A computational framework for simulating the dynamics of keratin filament networks
|S. Vora, D. Kotsur, R. Windoffer, J. Mattes. A computational framework for simulating the dynamics of keratin filament networks. pages Abstract 15, 9, 2018.|
In this work, we propose a biomechanical computational framework, which allows us to perform numerical simulations in order to mimic the behaviour of keratin filament networks as observed in microscopy data. The developed automated computational methods allow us to: (1) generate, by a randomized process, a filament network topology with predefined properties; (2) simulate the motile behaviour of the filament network; (3) synthesize image data based on the produced simulations. The synthetic image sequences can then be used to evaluate filament extraction and tracking algorithms as the underlying ground truth is available.

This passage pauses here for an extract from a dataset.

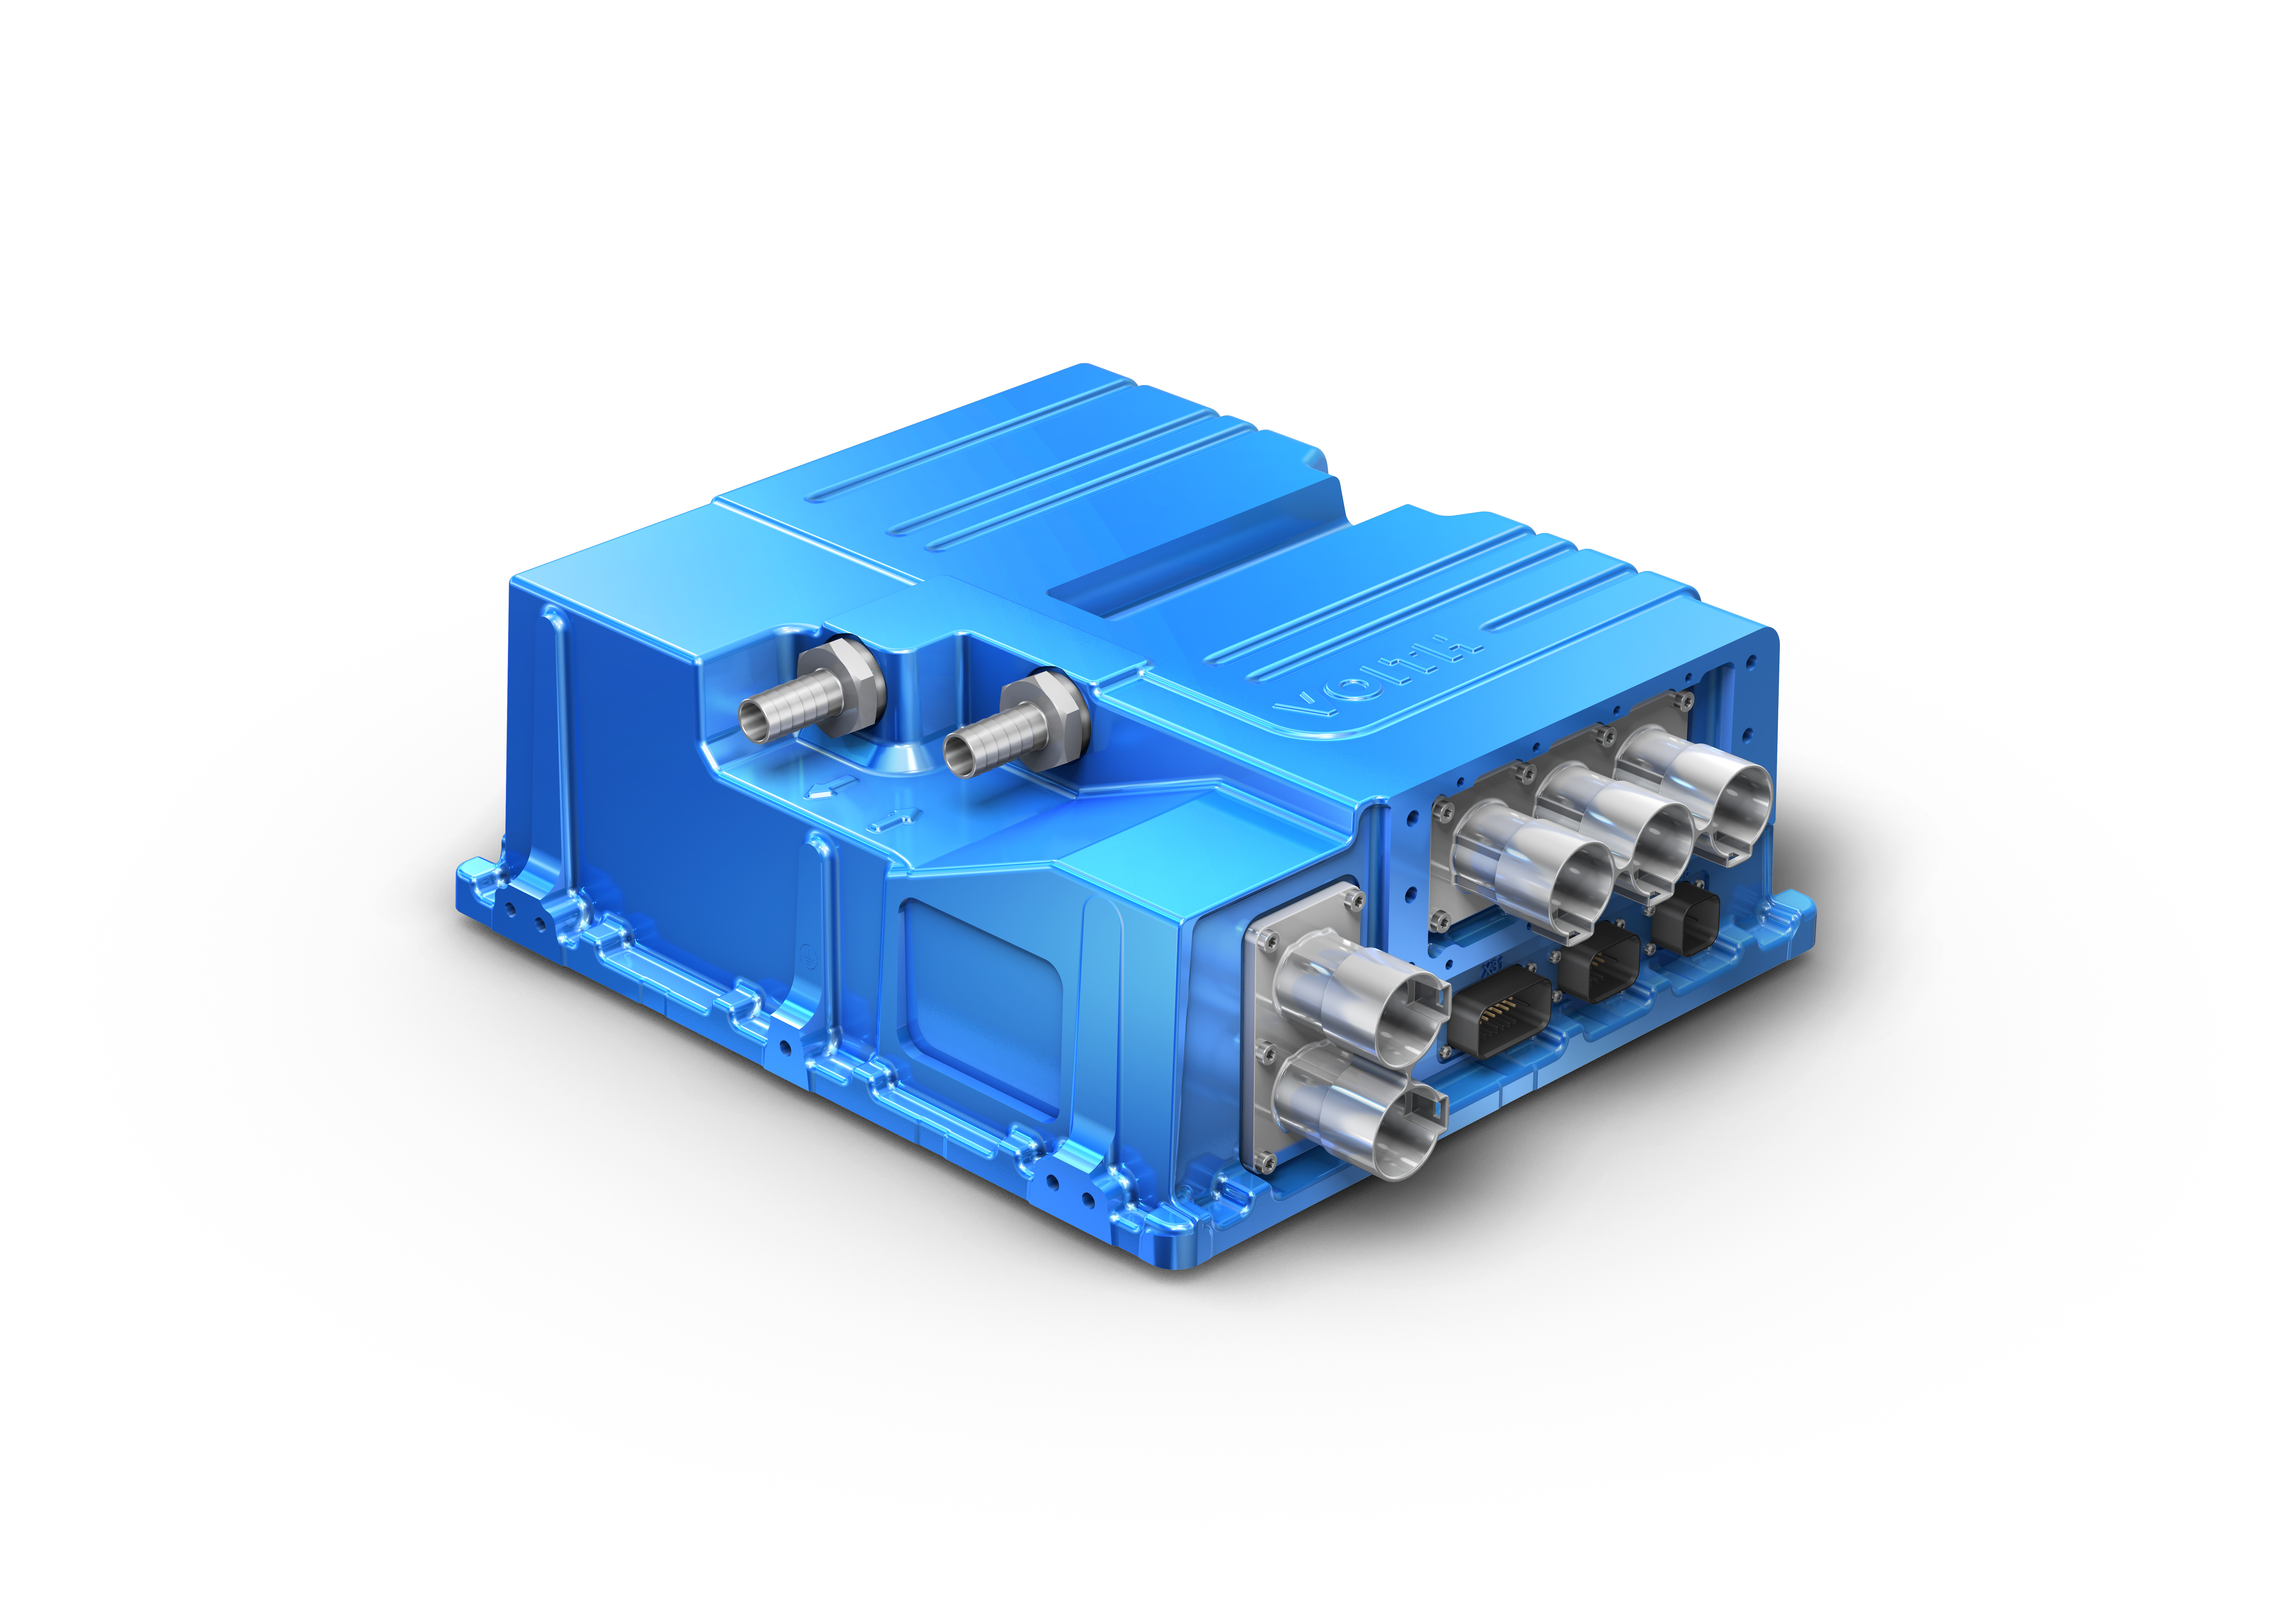 The compact and light Future Inverter Platform (FIP) has been specifically designed to meet the special requirements of the commercial vehicle segment and will be integrated into future generations of the VEDS. Fitted with cutting-edge microcontrollers, it meets the most stringent cyber security standards for the automotive industry.

The core of our simulation module consists of a spring-mass-damper discrete mechanical system, which allows simulating elastic behaviour of the filaments. Additional stochastic external forces are also incorporated, which allow exhibiting the effect of Brownian motion and the influence of the actin network resulting in an inward-directed filament flow.
Based on the produced simulations we are able to synthesise artificial image data mimicking the behaviour of the filament network. Artificial images can be exposed to additional microscopy-related imaging artefacts such as Poisson/Gaussian noise, convolution with a predefined point spread function.